The company operated the Roost coal mine in Glace Bay until a fire in 1872 forced the mine to shut down. In 1873 a slope (decline tunnel) was sunk to get around the area with the fire and allow mining to continue, but it did not work as we all as hoped and the area was flooded in 1875 to extinguish the fire.
The mine was re-opened 20 years later by the Dominion Coal Company and eventually came to be known as Dominion No. 7. (See the mine’s full story at https://notyourgrandfathersmining.ca/glace-bay).
The Glace Bay Mining Company also operated the Harbour Pit, the Sterling Mines and the Hub Mine in Glace Bay.
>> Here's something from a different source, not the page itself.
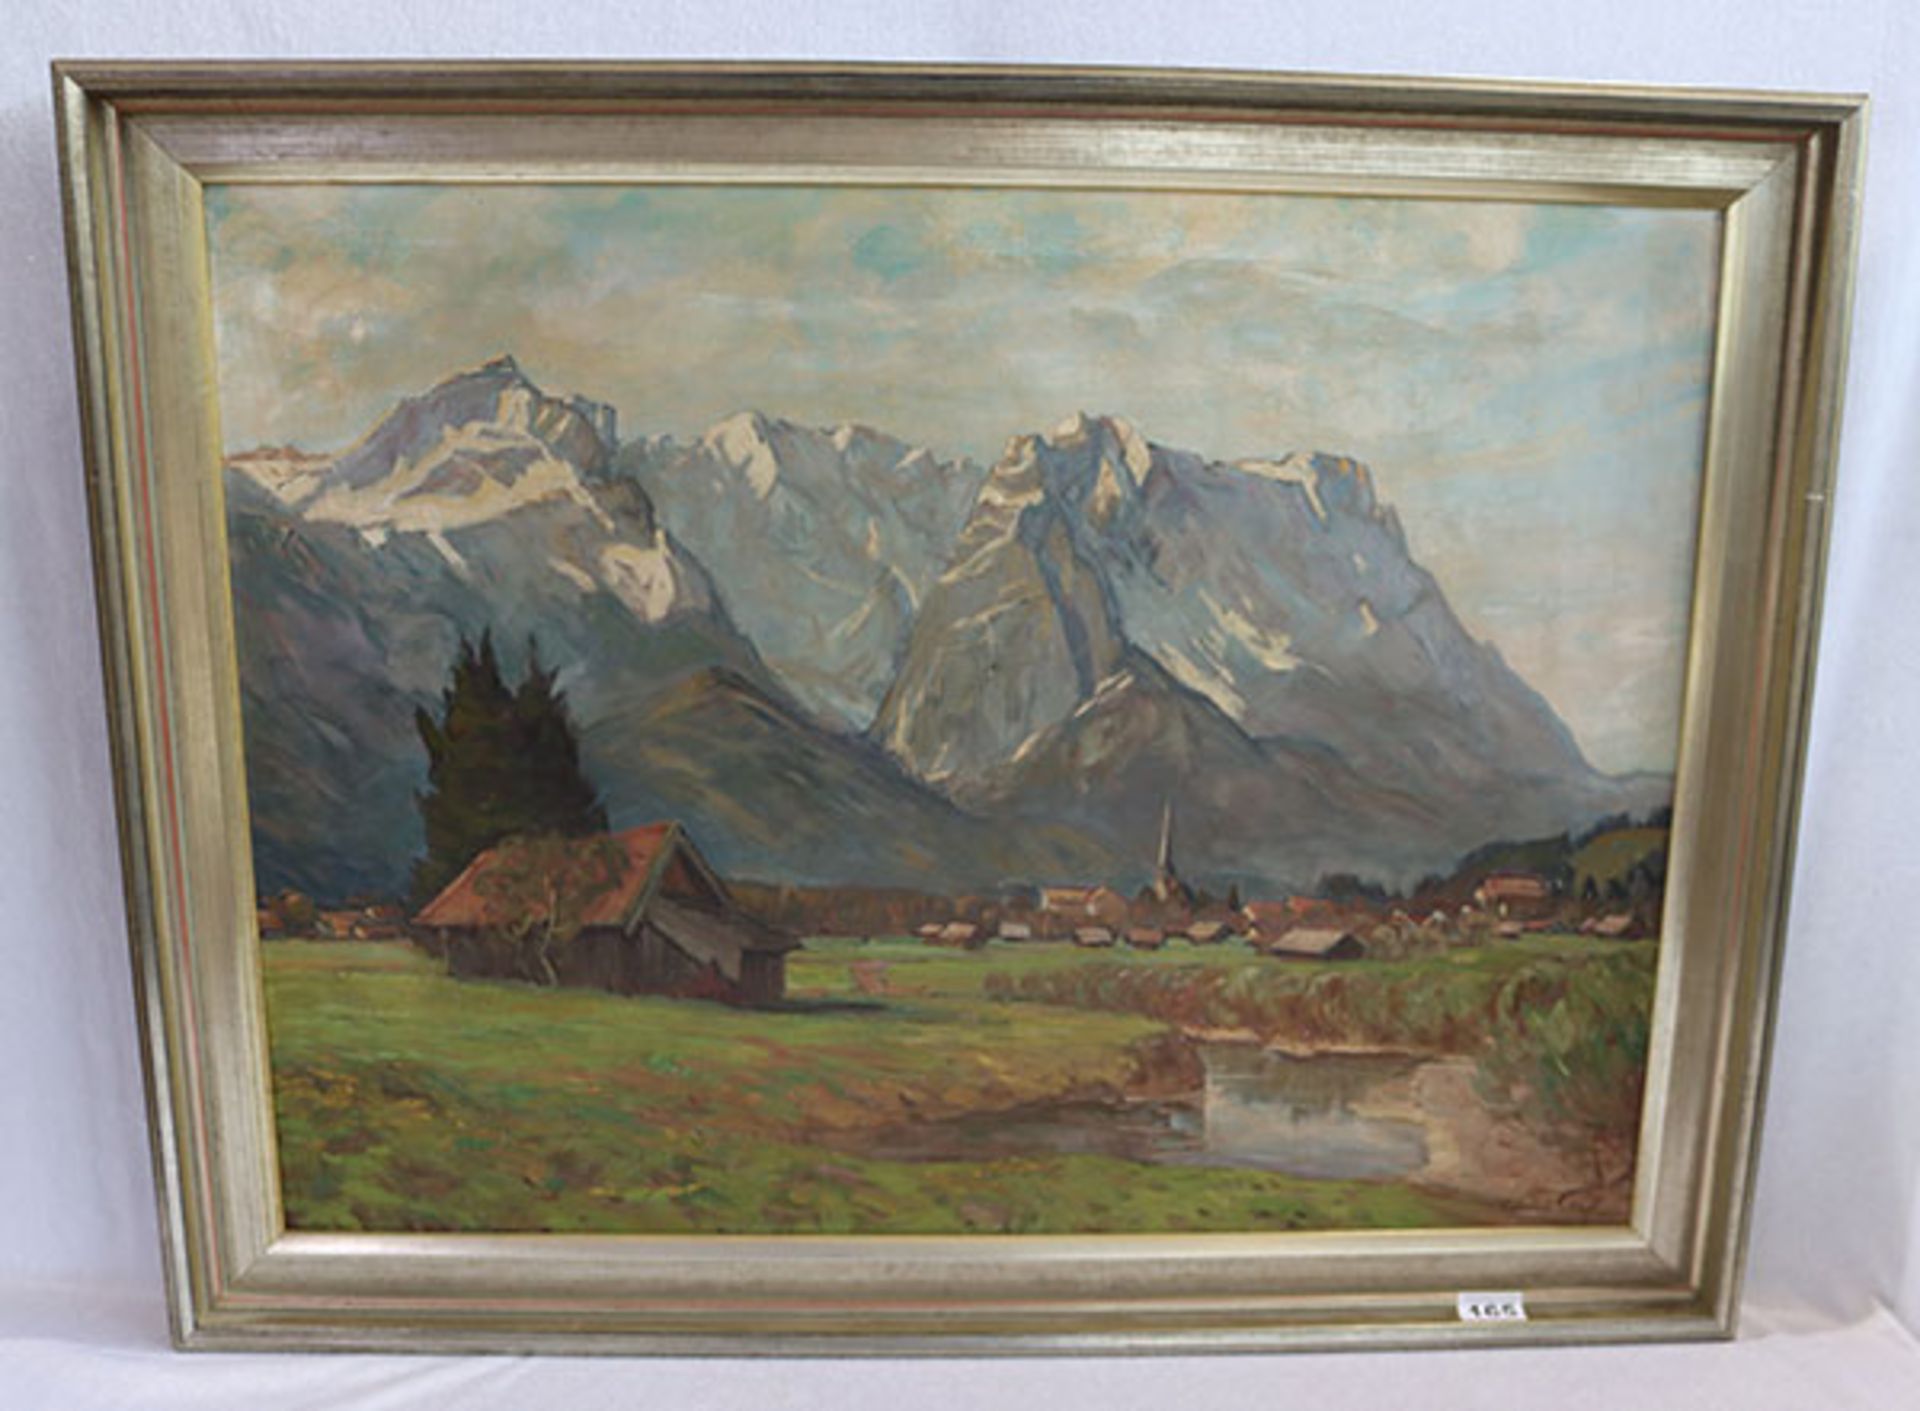 Gemälde ÖL/LW 'Garmisch vor Wettersteingebirge', signiert Edmund Senft, München, * 1880 + 1964

The company’s properties on the Hub and Harbour coal seams are shown on the map below.
Colin Ochiltree MacDonald, a mining engineer and coal mine manager, wrote that the Glace Bay Mining Company was very successful. It “declared dividends of 25 per cent, on capital, doubled that capital and paid 15 per cent., added again one half making a $600,000 stock list and then paid 12 1-2 per cent…The stock of this company had previously reached considerably over 200, in the open market, but little changed hands.”
It had also built up a reserve fund of about $80,000 by the time Canada’s Reciprocity Treaty with the United States ended in 1866, according to MacDonald. Many coal companies struggled after the free trade agreement expired because of duties imposed on coal exported to the US. However, the Glace Bay Mining Company thrived because its “conservative management enabled it to pull through free from encumbrances, to take advantage of the revival then setting in. During even the very worst period in the coal history of the County this Company paid its shareholders a dividend, small at times, but without serious embarrassment.”
According to MacDonald, the American investors in the Glace Bay Mining Company withdrew from the company in 1865 and opened the Caledonia Colliery in Glace Bay, which would later be known as Dominion No. 4 (https://notyourgrandfathersmining.ca/dominion-no-4).
Longfellow (1807–1882) was from Portland, Maine, and he became one of America’s most famous and successful writers. The epic poem, “Evangeline, A Tale of Acadie,” was published in 1847 and is considered one of his greatest works. It tells the fictional story of two lovers separated when the British expelled the Acadians from what is now Nova Scotia. It became a symbol of the Deportation and the perseverance of the Acadian people.
The poem became a part of the school curriculum for generations of Americans and it has brought tourists to Nova Scotia for a century and a half.